Ruegg & Co Limited, which is authorised and regulated in the United Kingdom by
the Financial Services Authority, is acting exclusively for BDI Mining and no
one else in connection with the Offer and this announcement and will not be
responsible to anyone other than BDI Mining for providing the protections
afforded to clients of Ruegg & Co Limited or for providing advice in connection
with the Offer or this announcement or any matter referred to herein.
This announcement is for informational purposes only and does not constitute an
offer to sell or invitation to purchase any securities or the solicitation of
any vote for approval in any jurisdiction, nor shall there be any sale, issue or
transfer of the securities referred to in this announcement in any jurisdiction
in contravention of applicable law. The Offer will be made solely by the Offer
Document and the Form of Acceptance accompanying the Offer Document, which will
contain the full terms and conditions of the Offer, including details of how the
Offer may be accepted.
The Offer will not be made, directly or indirectly, in, into or from a
Restricted Jurisdiction where to do so would violate the laws in that
jurisdiction, and the Offer is not capable of acceptance from or within a
Restricted Jurisdiction. Accordingly, copies of this announcement and all
documents relating to the Offer are not being, and must not be, directly or
indirectly, mailed or otherwise forwarded, distributed or sent in, into or from
a Restricted Jurisdiction where to do so would violate the laws in that
jurisdiction, and persons receiving this announcement and all documents relating
to the Offer (including custodians, nominees and trustees) must not mail or
otherwise distribute or send them in, into or from such jurisdictions as doing
so may invalidate any purported acceptance of the Offer. The availability of the
Offer to BDI Mining Shareholders who are not resident in the United Kingdom may
be affected by the laws of the relevant jurisdictions in which they are
resident. Persons who are not resident in the United Kingdom should inform
themselves of, and observe, any applicable requirements.

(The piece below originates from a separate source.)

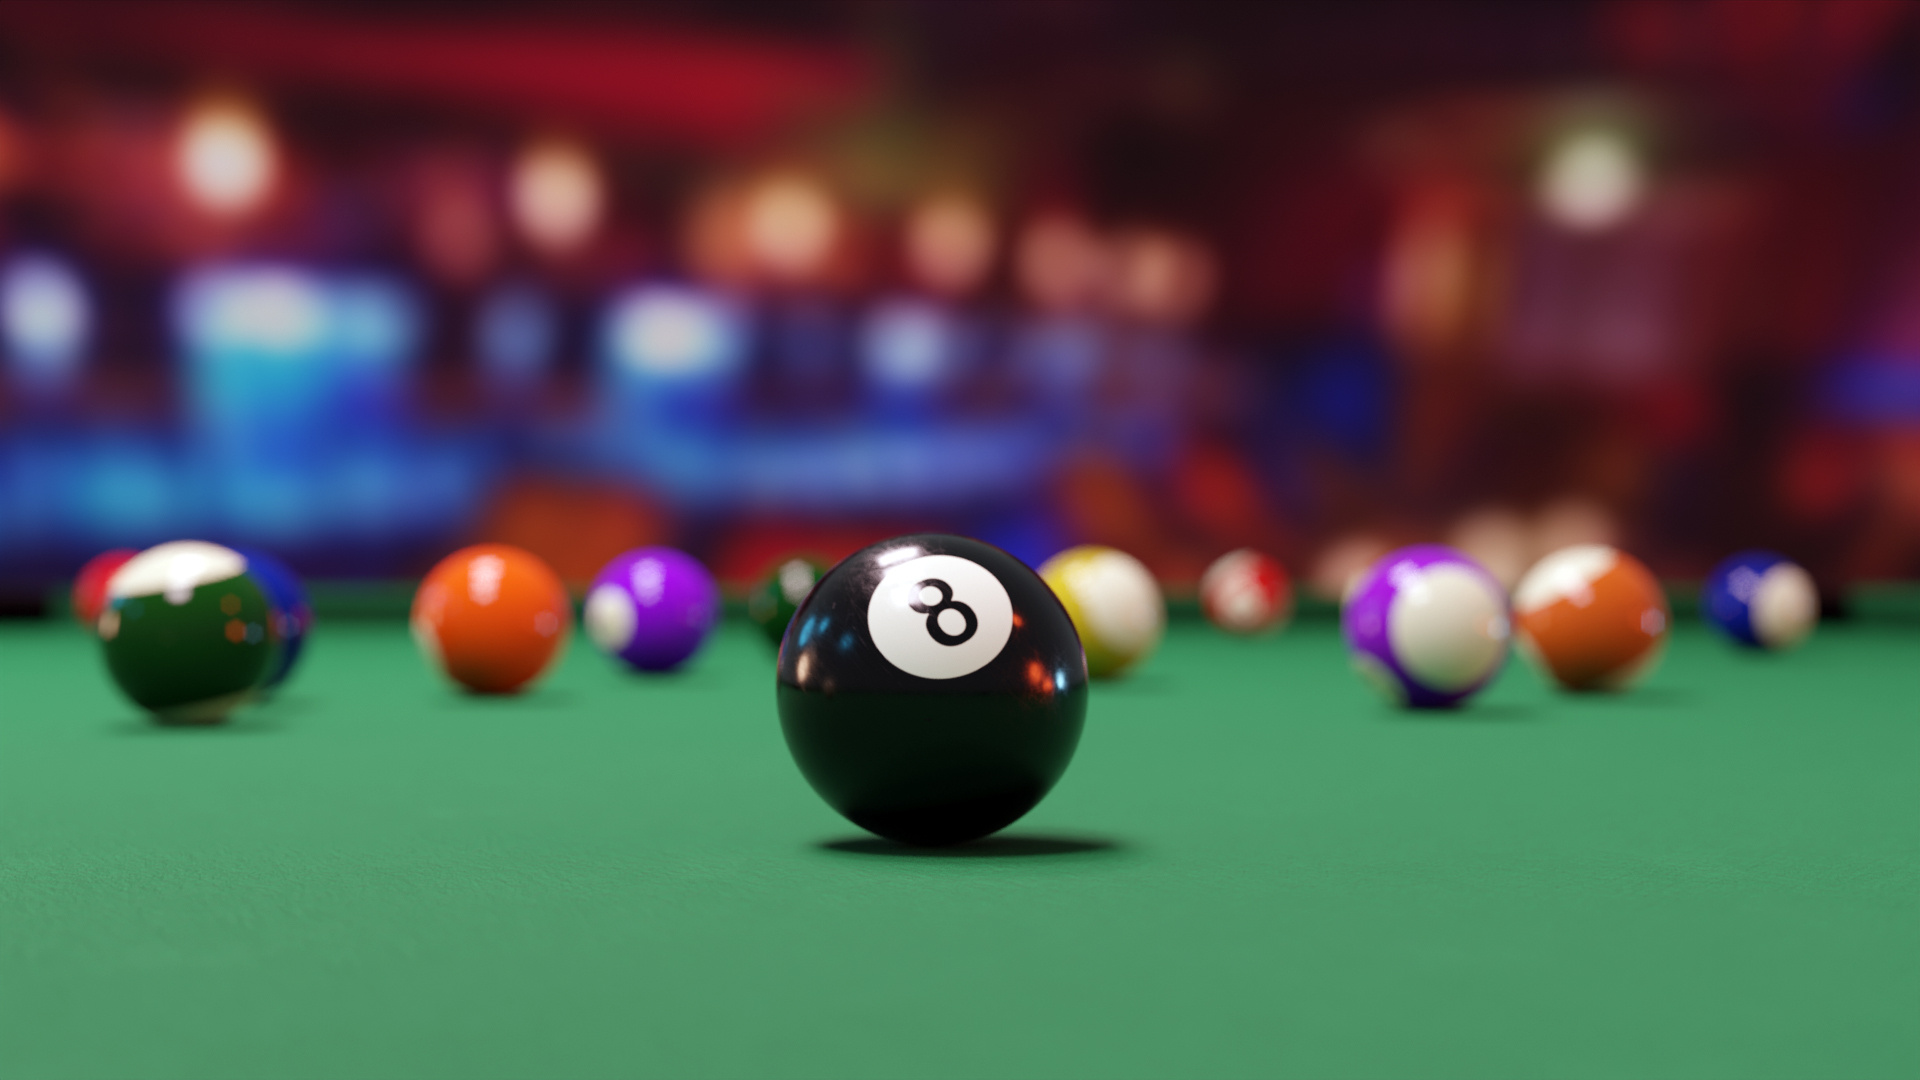 Pool (Cue Sports): Classic eight-ball, Seven solid-colored balls, seven striped balls, and the black 8 ball. 1920x1080 Full HD Wallpaper.
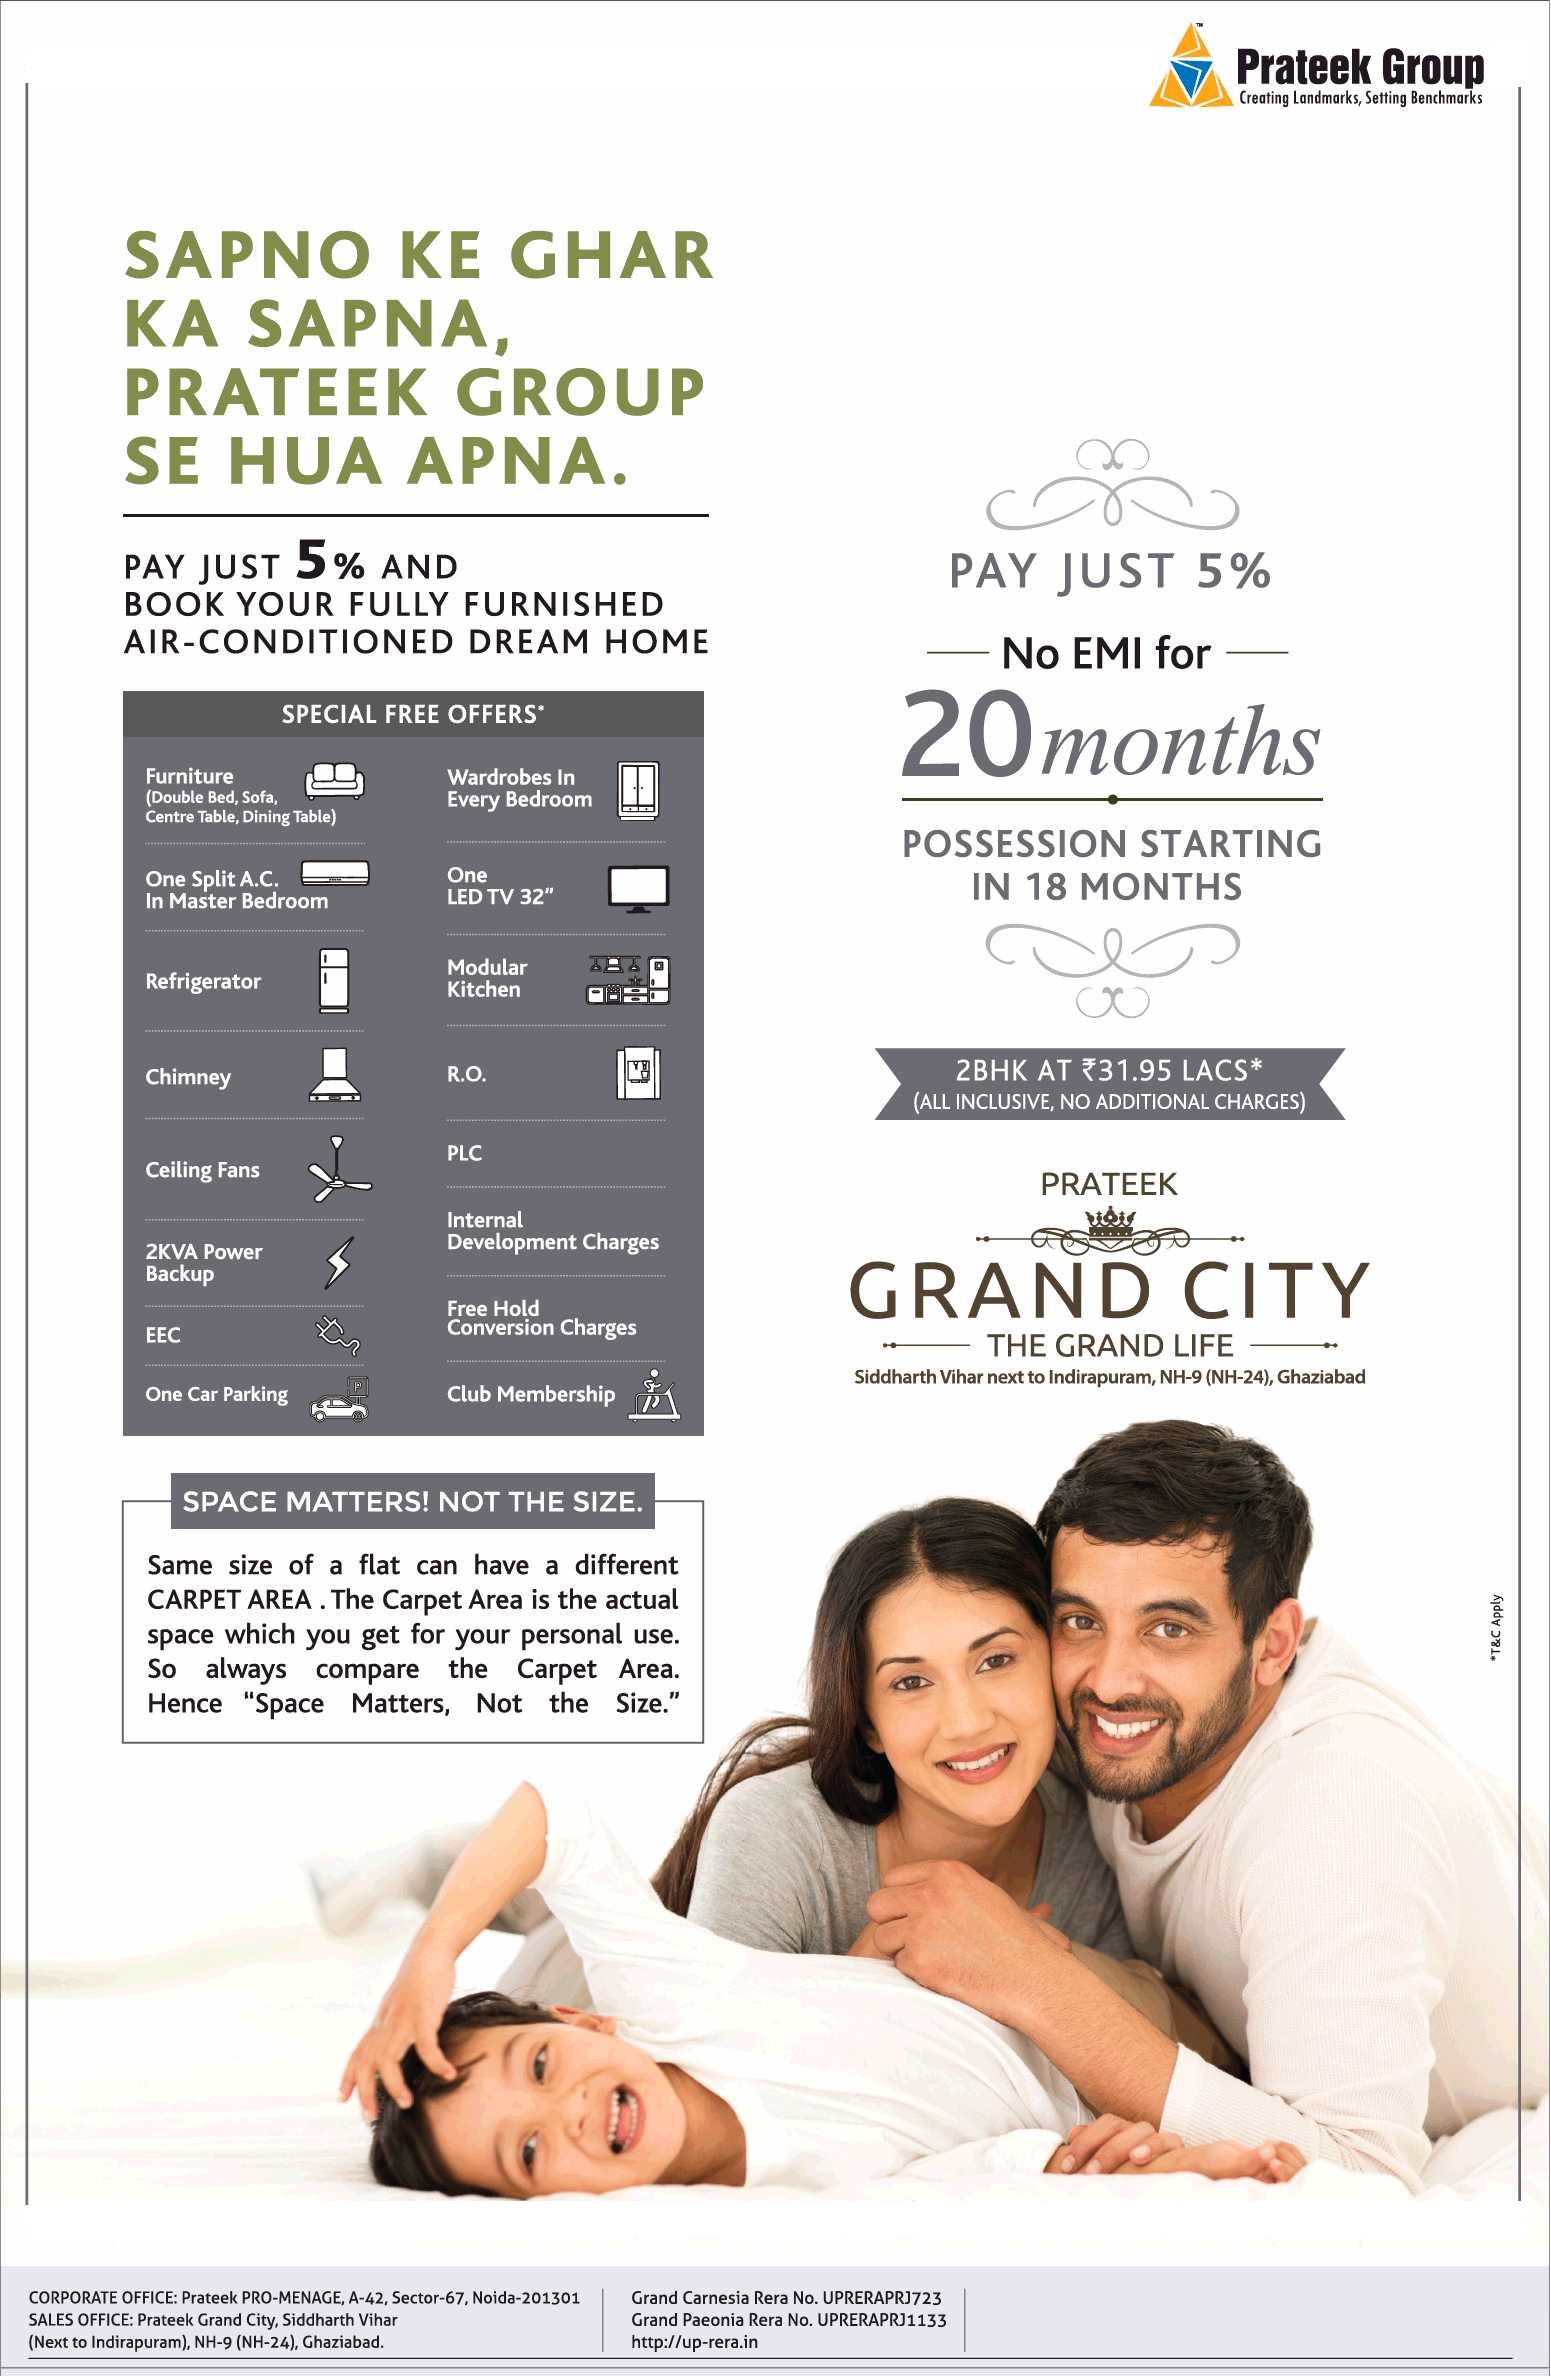 Pay just 5% & no EMI for 20 months at Prateek Grand City in Ghaziabad Update

In accordance with normal UK market practice, Gem Diamonds or its nominees or
brokers (acting as agents) may from time to time make certain purchases of, or
arrangements to purchase, BDI Mining Shares outside the United States, other
than pursuant to the Offer, before or during the period in which the Offer
remains open for acceptance. These purchases may occur either in the open market
at prevailing prices or in private transactions at negotiated prices. Any
information about such purchases will be disclosed as required in the UK.